Interest rates usually go up, especially these days when global economies and finances turn volatile. But at times, governments and central banks also cut such rates. Here are seven factors that usually lead to reduced or lowered borrowing rates.
1. General economic conditions
The overall condition of the country’s economy can be a factor to be considered for a possible interest rate cut. A strong economy may lead to low interest rates especially when demand for loans is not too intense and there is an abundance of funds available to borrowers across the market. Good economy may also mean consumers are not generally in need to borrow funds just to make ends meet.

2. Supply and demand
Supply of funds as well as demand for those affects movements of interest rates. If lenders across the market have greater cash on hand amid a slow demand for money through loans from borrowers, competition among such banks will intensify. It can lead to reduction or decline in interest rates.

3. Monetary policy
The monetary policy of the government may lead to interest rate cuts. If the central bank has printed more notes or money, supply may possibly exceed demand. Oversupply of available funds available to borrowers and lenders alike might prompt a cut in current interest rates, which is set by the country’s central bank.

4. Inflation
It is just logical for investors to preserve their money’s purchasing power. High inflation leads to higher interest rates. On the contrary, deflation is a significant factor for interest rate cuts. When there is deflation, or if inflation is low, investors do not need high interest rates to lend money. However, some lenders usually tend to be reluctant in lending money when there is deflation. They often wait until inflation picks up again to command higher interest for lending.

5. International forces
If foreign investors get more willing to lend cash to a country, they end up supplementing domestic funds to that marketplace.

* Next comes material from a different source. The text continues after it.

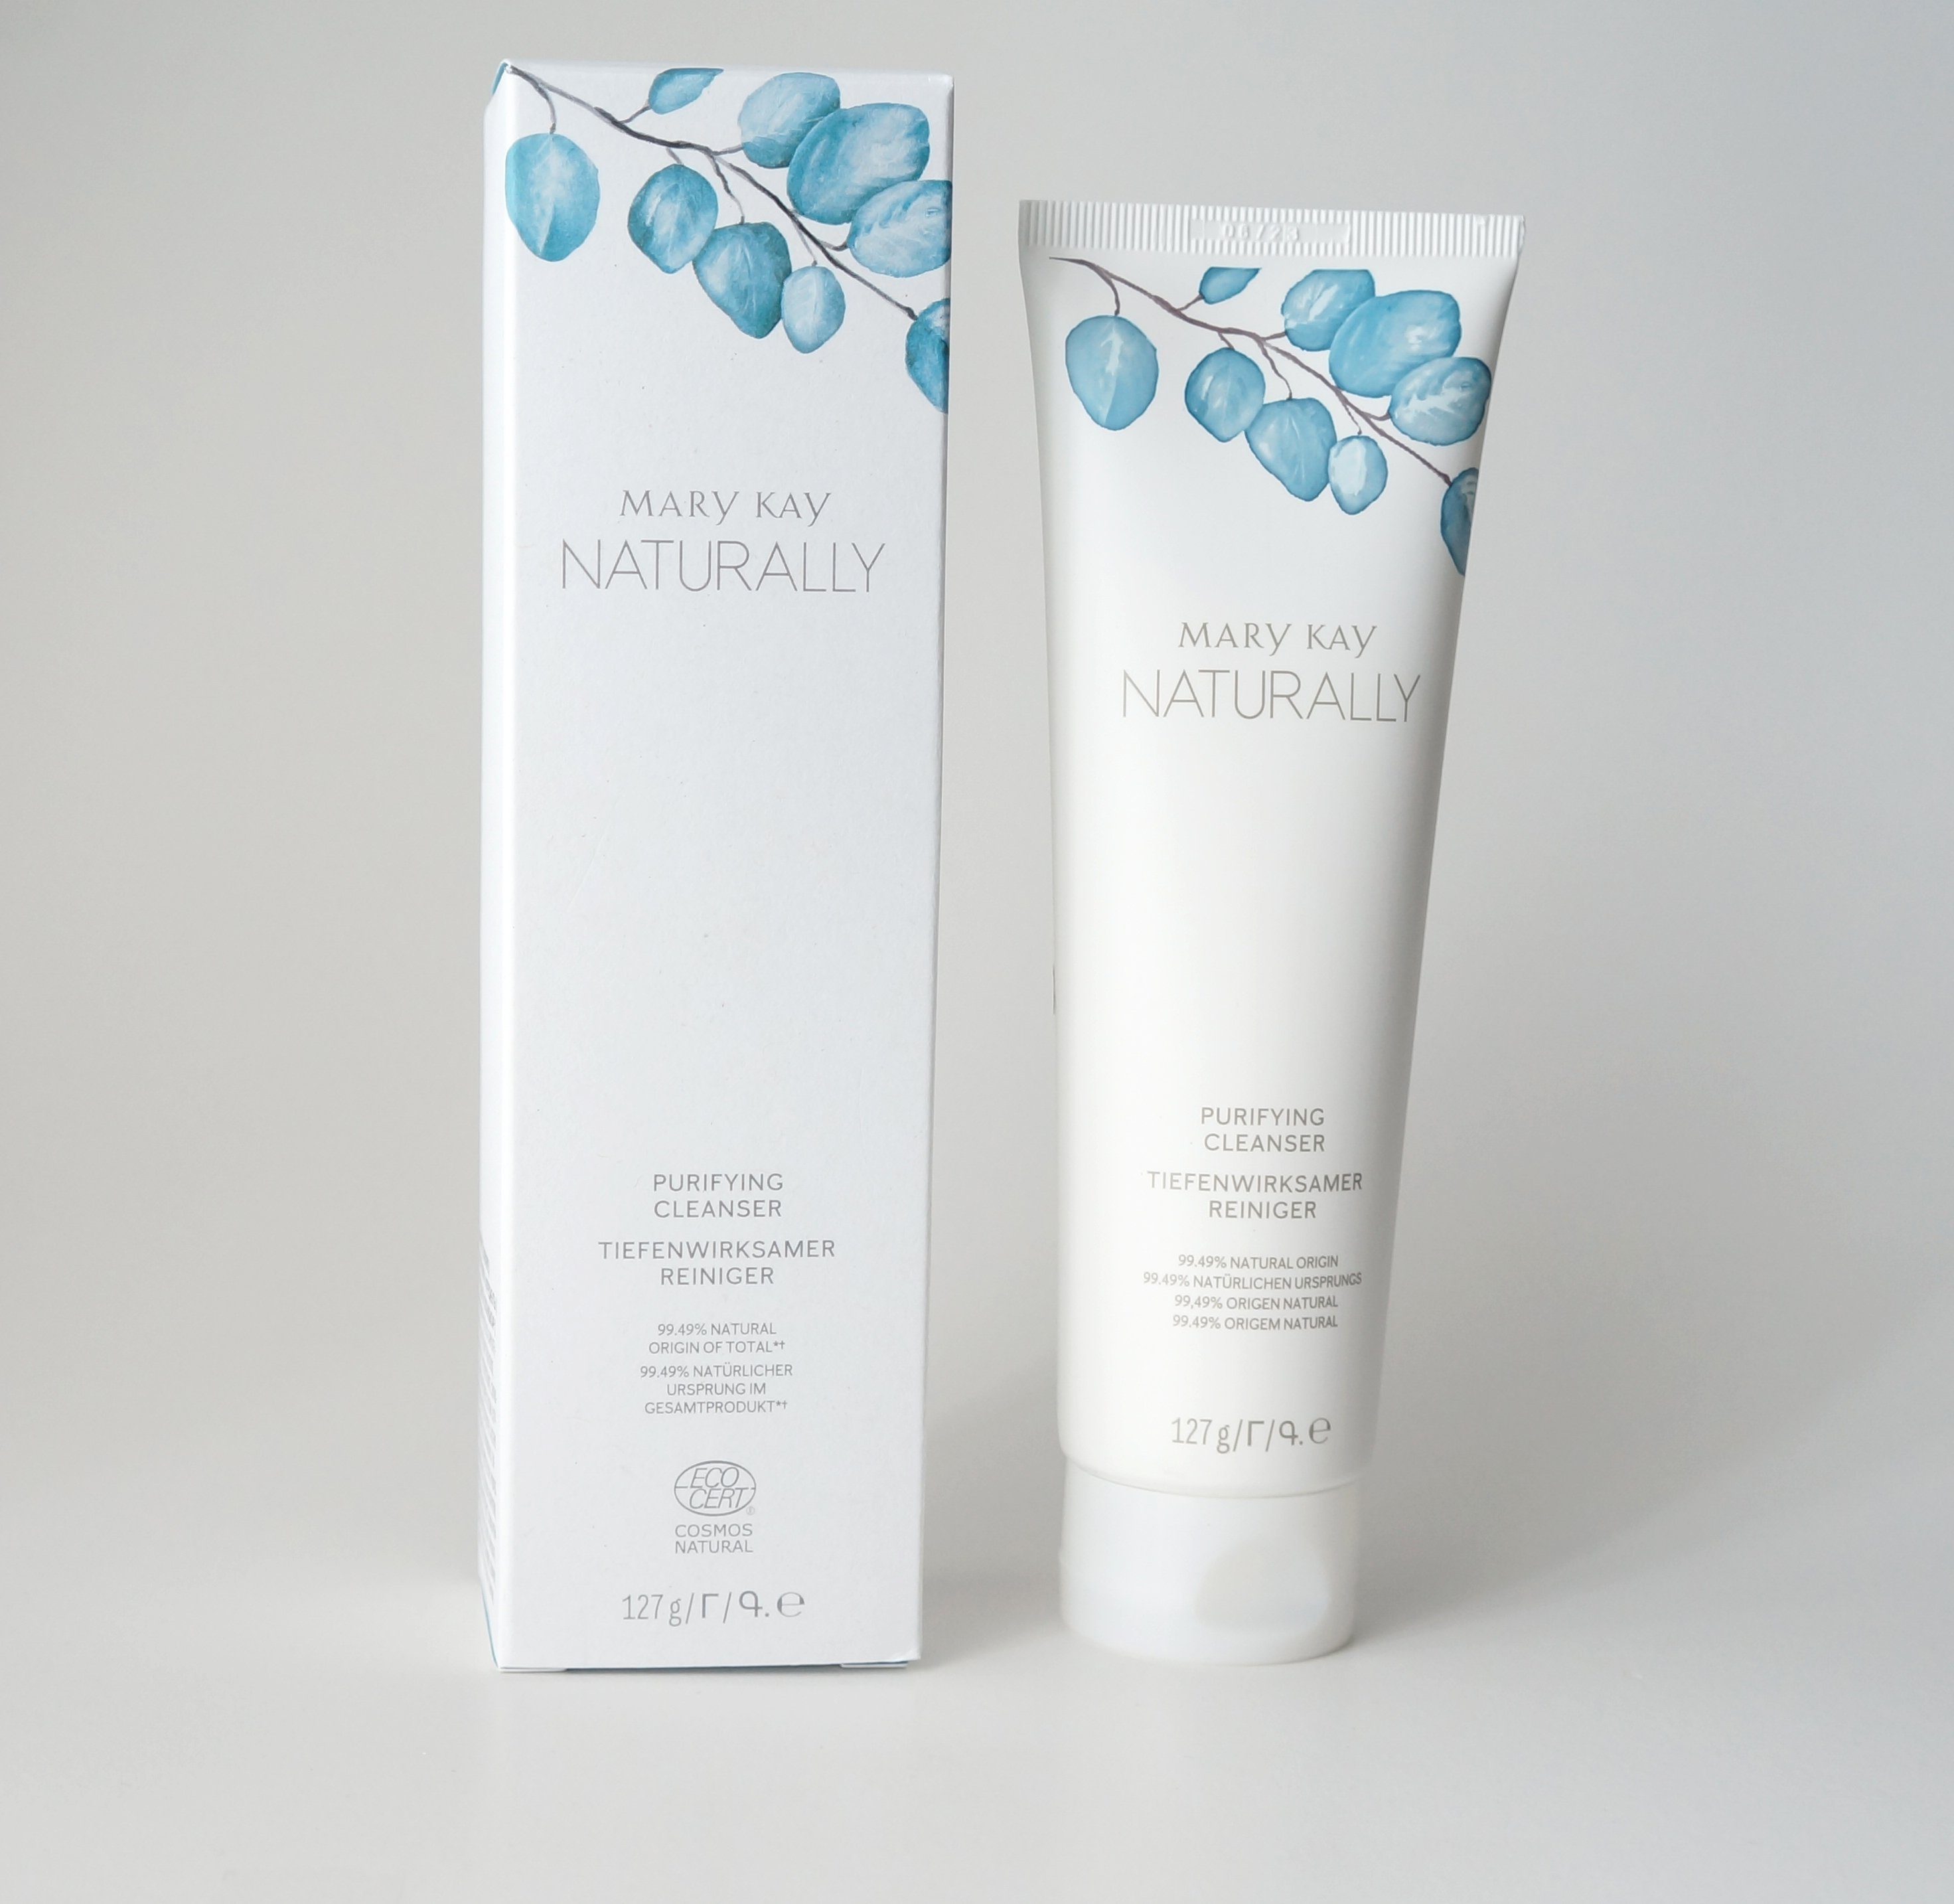 Cleanser Naturally Reiniger Gesichtspflege Tiefenwirksamer Kay Kay Mary Mary Purifying 127g

Consequently, interest rates will be driven down. On the contrary, if those foreign investors reduce their investments or pull out to reinvest elsewhere, there will be pressure to fill the gap on domestic sources, which can push the rates upward.

6. The US dollar
The US dollar remains as the main currency used in international trade. It is currently used extensively across world markets. Exchange rate movements, especially between a country’s currency and the US dollar, can be a basis for interest rate cuts. This may also depend on how demand for the dollar is at that market.

7. Political issues
It is a common knowledge that politics affects a country’s financial stability. Turbulent political system may lead to higher interest rates especially when foreign investors are shunned away, productivity is depleted, and inflation is driven up. Lack of drastic political problems and issues may indicate stability and possibly lead to interest rate reductions.